The Penguin Looks at the Oxford: An Assessment of the Oxford History of New Zealand Literature in English. - JNZL: Journal of New Zealand Literature

The Penguin Looks at the Oxford: An Assessment of the Oxford History of New Zealand Literature in English.

By JNZL: Journal of New Zealand Literature

  • Release Date: 1990-01-01
  • Genre: Language Arts & Disciplines

Description

The Penguin History of New Zealand Literature appeared in 1989 and The Oxford History of New Zealand Literature in English a bit over a year later, the first a solo venture by me, the second an eleven-person venture edited by Terry Sturm. It is natural for me to want to associate these two and to think of them as complementary works that will be authoritative for many years; but at the same time it is already possible to begin to see them as historical objects, as things that come from a particular cultural moment in the past--in other words, to guess a little at what our successors as literary historians will make of them when the time comes again to look back as the twelve of us have been doing in our separate ventures.

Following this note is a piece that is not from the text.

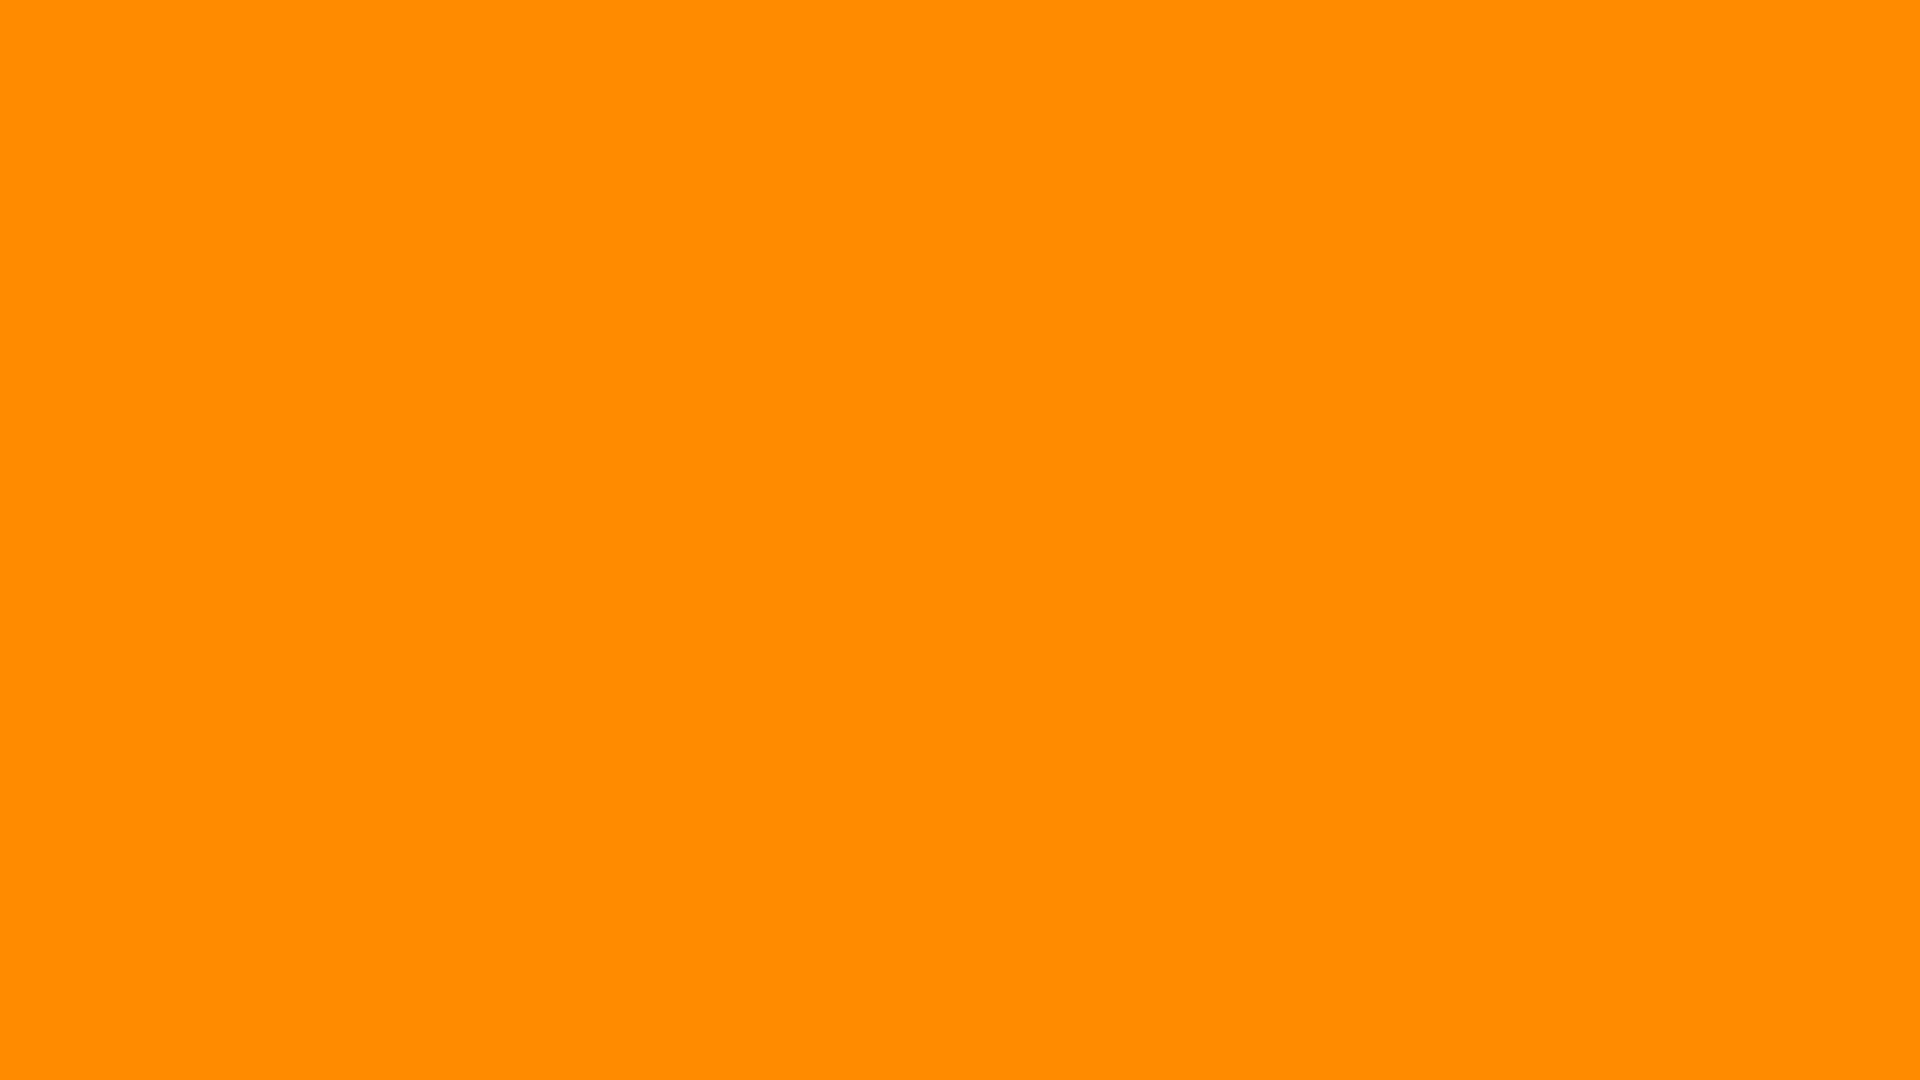 Solid orange wallpaper wallpapersafari - Dark orange wallpaper ...

I conceived the idea of writing a literary history in 1976, when researching a book on Janet Frame and confronting as I did so what seemed to me the shocking paucity of literary-critical material in our culture. Coming from a doctorate on postwar American fiction, and having had some awareness of the cultural renaissances that were occurring in Canada and Australia in that decade, I was taken aback by the miniaturist and belletrist trickle that seemed to be the local equivalent. There were good individual works, certainly, here and there; but these seemed confined to reviews or editorials or, less often, to articles. I became aware of more extended works like Holcroft's and McCormick's, but found in the former a vapidity, and in the latter a passivity, that made it difficult for them to grasp the processes that were shaping the literature they were describing. Everyone who wrote had an opinion on something, and often an opinion that was consistent from review to article to review; but no one seemed to know that it was just an opinion, that it came from somewhere, that it was constructed, and that it was possible to believe in something else.